Propoganda at Court: The Medici and Printmaking

Saturday, November 28, 2009 - Sunday, March 7, 2010
The Medici, the leading family of Florence, became the city’s absolute rulers and attained European preeminence in the sixteenth century. In the early part of the century, two of its members became practically successive popes as Leo X (fl. 1513‐21) and Clement VII (1523‐34), bringing unprecedented political as well as spiritual power. After two moments of republican rule in Florence (1494‐1512 and 1527‐30), during which the Medici were expelled, the family was restored and its rule over the city consolidated. Cosimo I (fl. 1537‐74) expanded control over much of central Italy and amassed tremendous wealth by military force and diplomatic skill, becoming the first grand duke of Tuscany in 1569. His immediate successors, his sons Francesco I (fl. 1574‐87) and Ferdinando I (fl. 1587‐1609), were able to maintain his authority and prestige. Throughout, the Medici maintained the tradition of enlightened patronage of the arts that had been established in the fifteenth century, and the visual style of their court, often called Maniera, became the measure of artistic sophistication across Europe.
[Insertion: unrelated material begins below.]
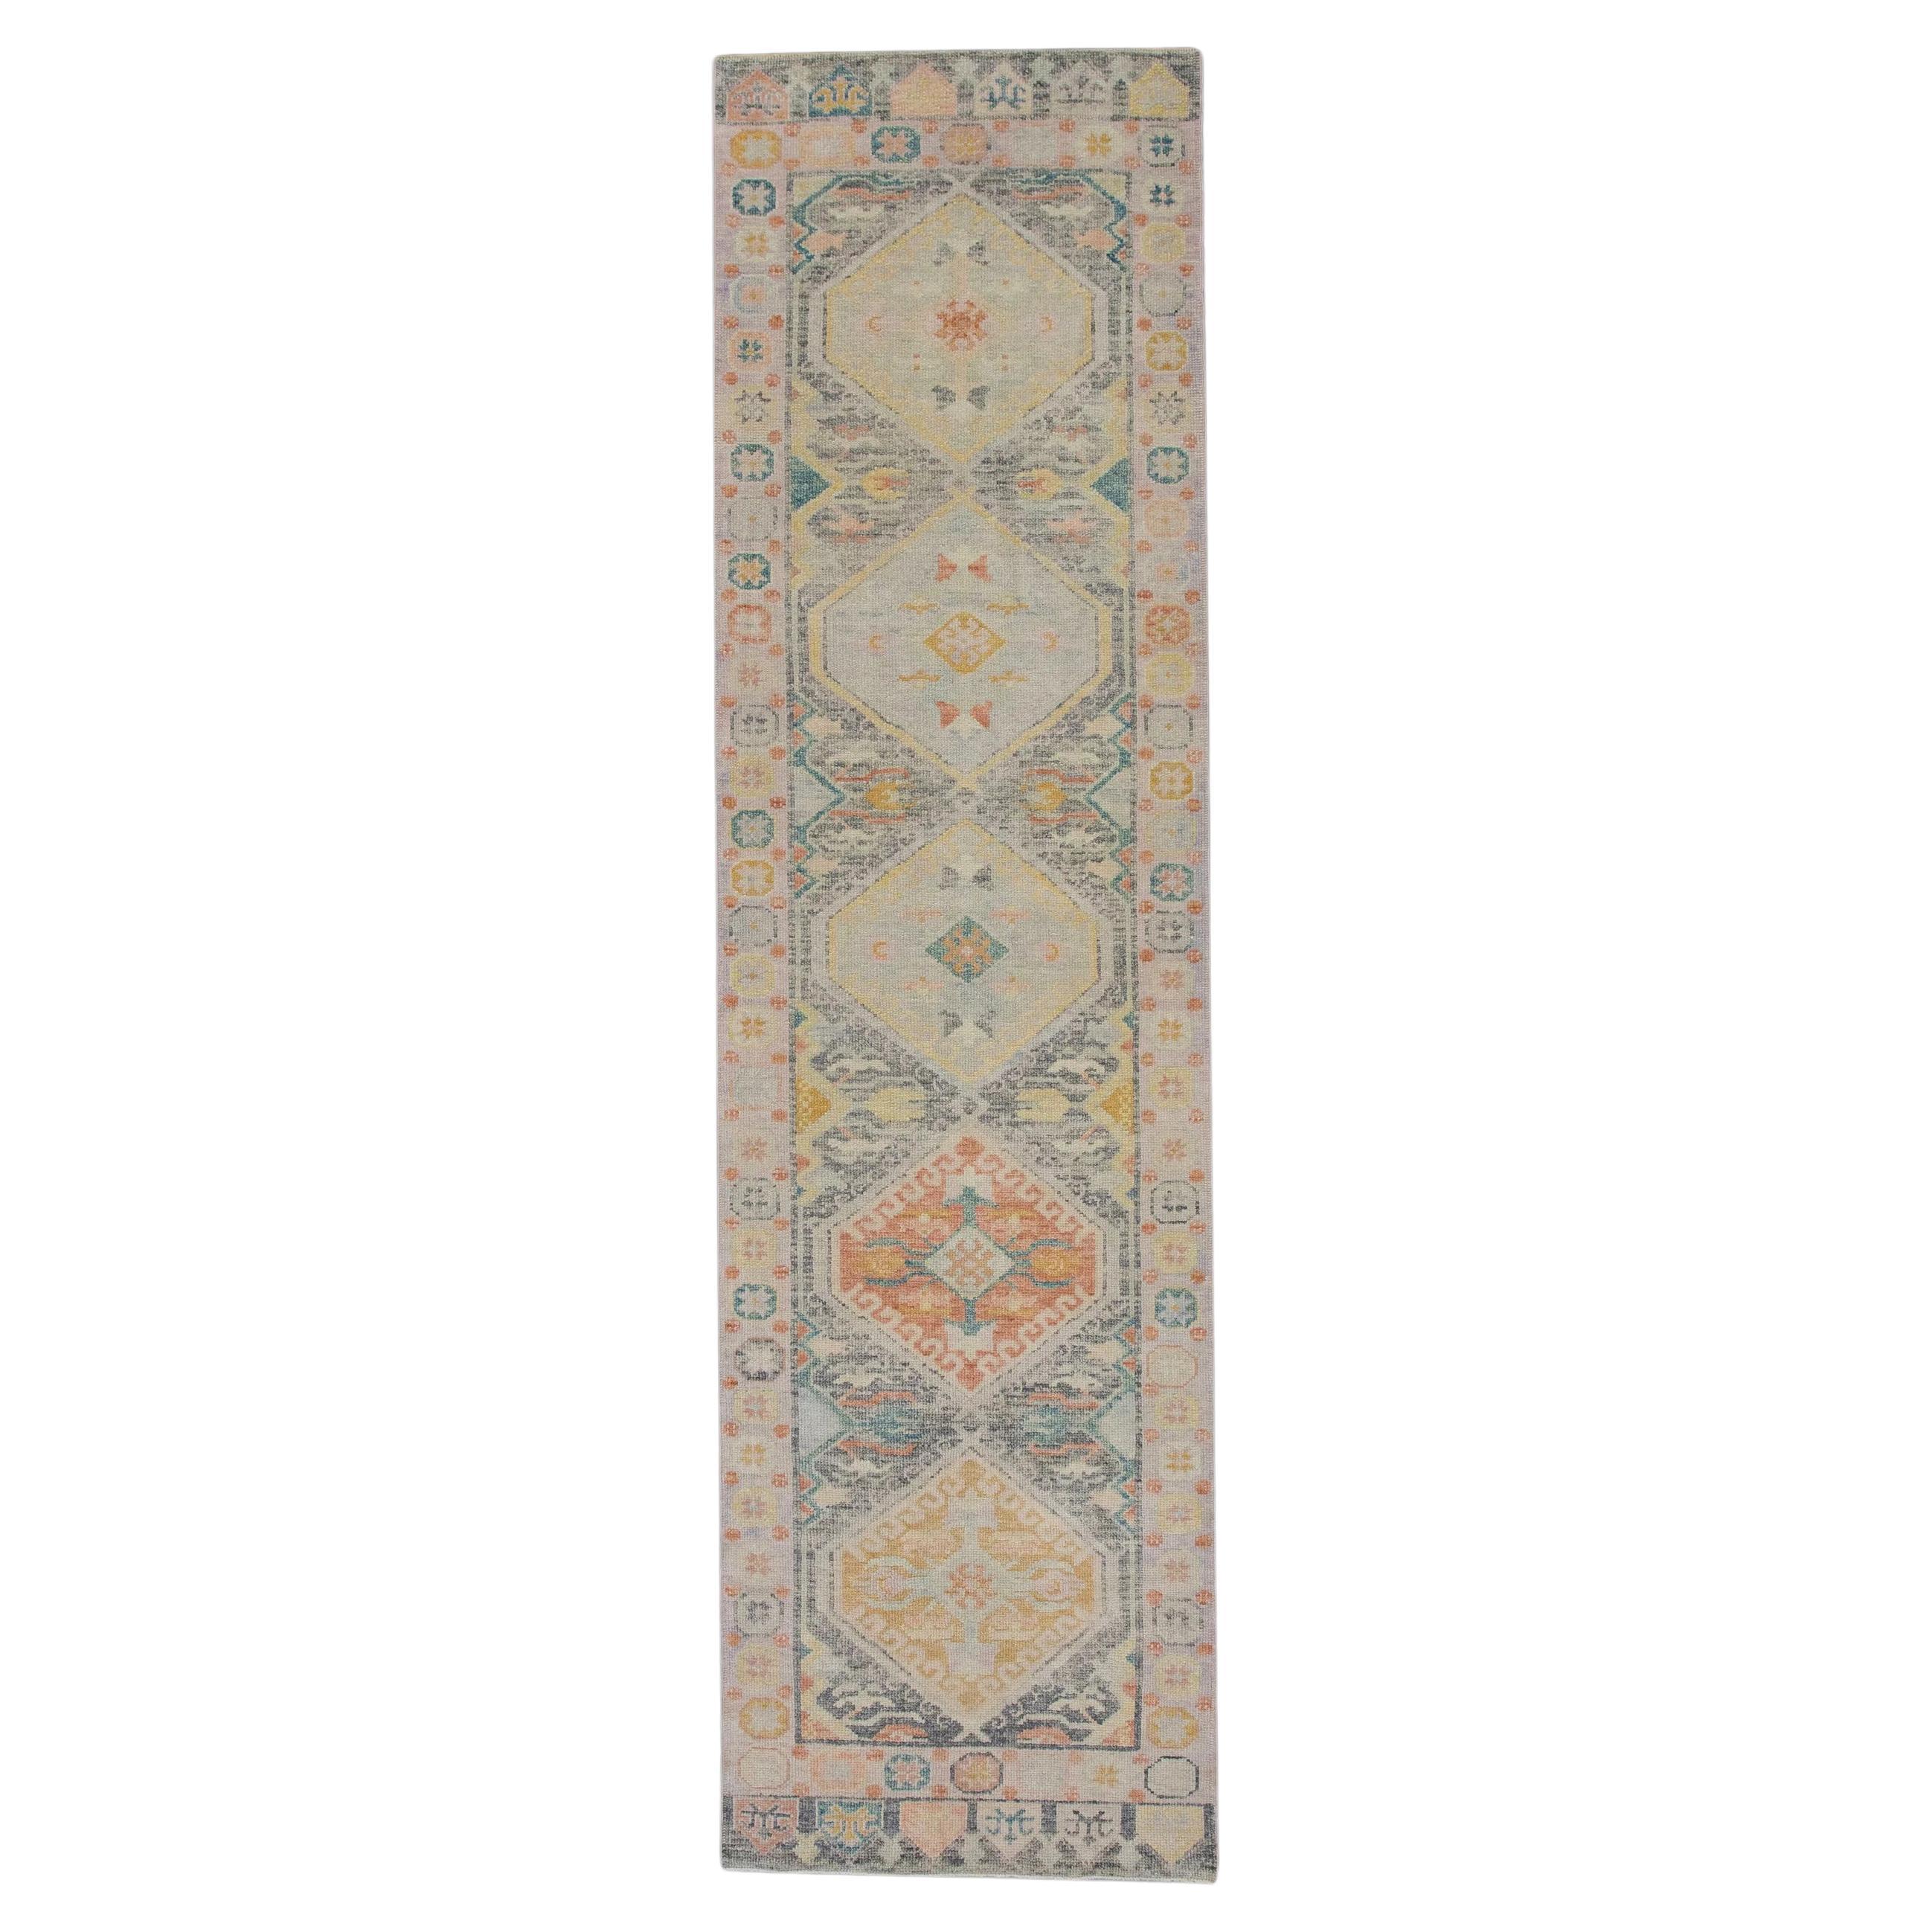 Orientalischer handgeknüpfter türkischer Oushak-Teppich 3'1" x 11'5" #5935

Prints played an important part in the expression of Medici power and
sophistication. This part has not been sufficiently recognized because their production took several, initially indirect forms. Starting in the 1520s, the Medici’s favorite artist, the sculptor Baccio Bandinelli, made designs for several of the period’s most ambitious engravings, but these were executed in Rome, which possessed the requisite infrastructure. When paintings by the later court artist Giorgio Vasari were engraved, they were consigned to Netherlandish printmakers, and even when his followers like Johannes Stradanus systematically developed new, courtly subjects, they were sent off to the thriving workshops of Antwerp. Only toward the end of the Medici’s greatest power, with the etchings of Jacques Callot and Stefano della Bella, did print production emerge in Florence proper and its subjects become the life of the family. However distinct these phases, however complicated this development, printmaking enjoyed a closer and more sustained connection to the Medici than to any other family in Europe.